Most recently in the movie Because I Said So, Diane Keaton’s character tries to find her daughter the perfect husband by posting an ad on an online personals site. Tom Hanks and Meg Ryan had mail.

That’s a far cry from the heels-with-socks print personals thrill ride that was Desperately Seeking Susan, or 1950’s Lonely Heart Bandits in which a couple of con artists meet rich widows through their newspaper personal ads, dupe them out of their riches and then kill them for good measure.

According to Pat Royal, director of classified advertising at the Miami Herald, the newspaper runs its personal ads in print, once a week on Sunday, in both the English and El Nuevo Herald editions.

“They used to run it quite a few times a week, but then it was cut back to two [days] and now once [per week],” the Herald’s Royal said. “I don’t know that there’s a strong market for it anymore.”

As fickle as dating itself is the online dating community — and who can blame the Herald for admitting it’s trying to trade up. The paper now works with an outside company to handle its online personals. “Powered by PerfectMatch,” according to the Herald site, but the Herald is “looking for a new one,” says Royal.
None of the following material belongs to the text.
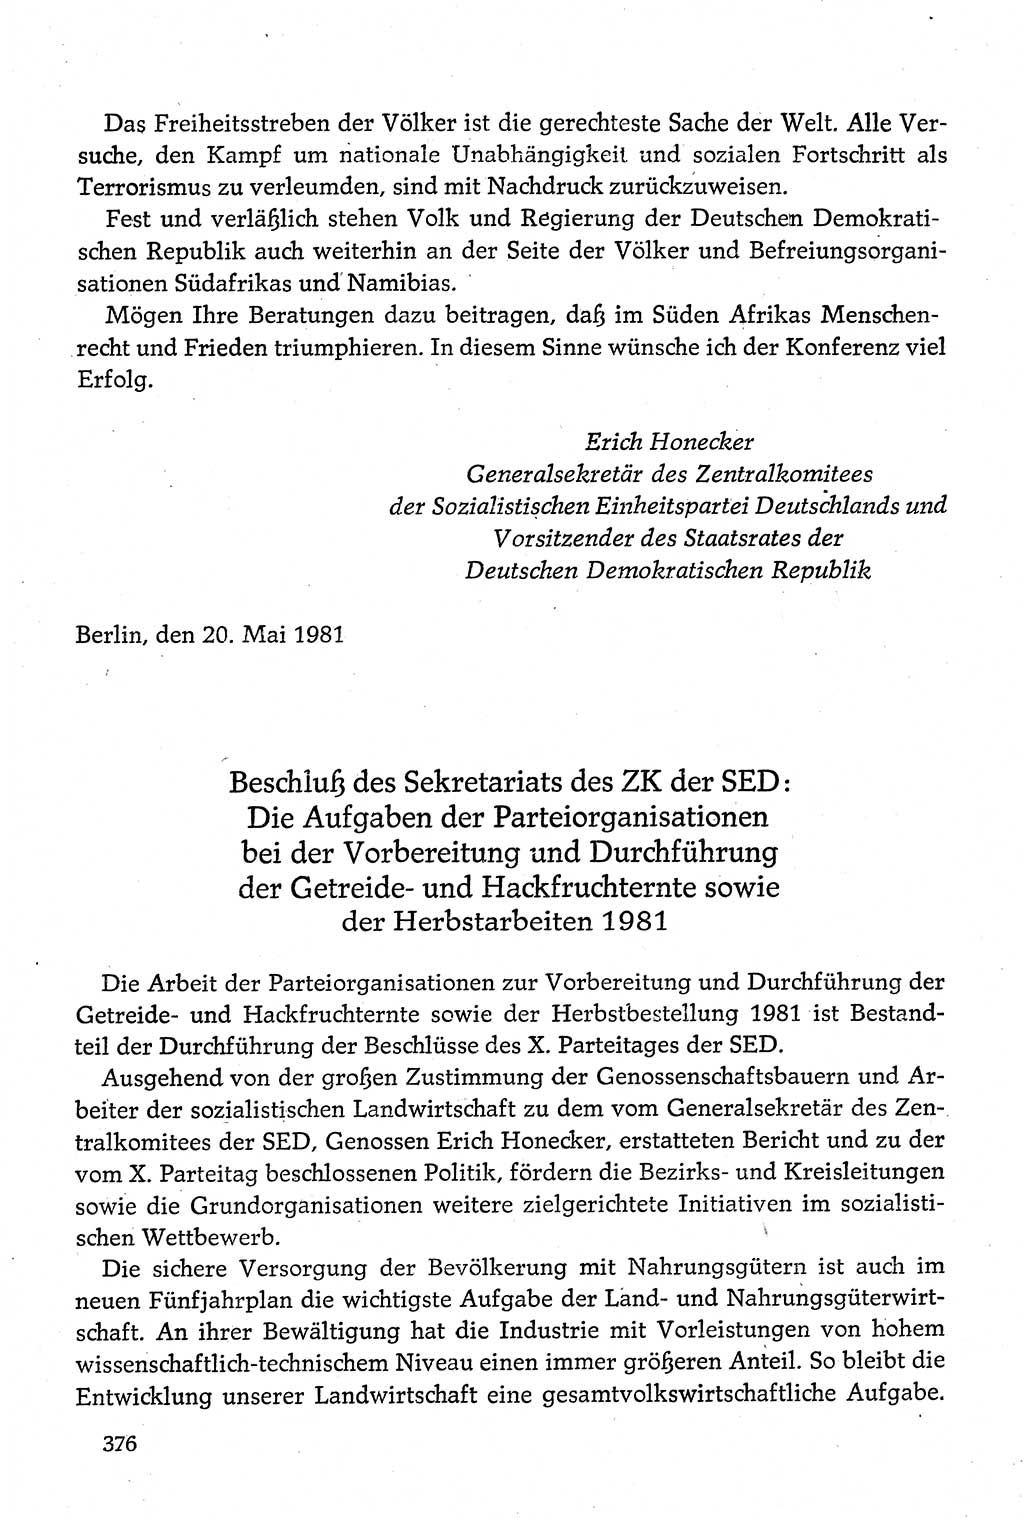 Dokumente der Sozialistischen Einheitspartei Deutschlands (SED) [Deutsche Demokratische Republik (DDR)] 1980-1981, Seite 376 (Dok. SED DDR 1980-1981, S. 376)

And PerfectMatch.com itself takes cues from the dating crowd, trying hard to attract members of the opposite site right on its homepage. In its own personal ad of sorts, some of its proclaimed selling points over eHarmony are that PerfectMatch “accepts and guarantees matches for all personality types,” that “divorced members” and “all lifestyle choices” are always accepted, and that they offer a free “image enhancement service,” among other things.

Meanwhile Match.com’s got Dr. Phil onboard, and has apparently trademarked the slogan “It’s okay to look.”

Despite the lack of action in the ink-on-paper ads, Miami ranked 10th in Forbes magazine’s 2006 “Best Cities for Singles” special report. For the first time, “online dating” was including in the ratings analysis.

“Due to the increasing popularity of online dating, we added this new measure to our methodology this year,” the report says. “The ranking is determined by the number of active profiles in each metro, per capita, on dating site Match.Com.”

Miami snagged a formidable 16th-best ranking in that category.

Meanwhile, Royal said, the print personals “have never been as big here as in other markets, for example, New York.”

She remembers when the Herald even held promotional events for their personals sections. “But we haven’t done them in a while,” she said.

“It’s no longer the place where people go. It was 20 years ago when [print personals were popular] and we had people coming in to place ads and there was a lot of give and take between them and the paper,” she said. “It’s not the place where people meet.”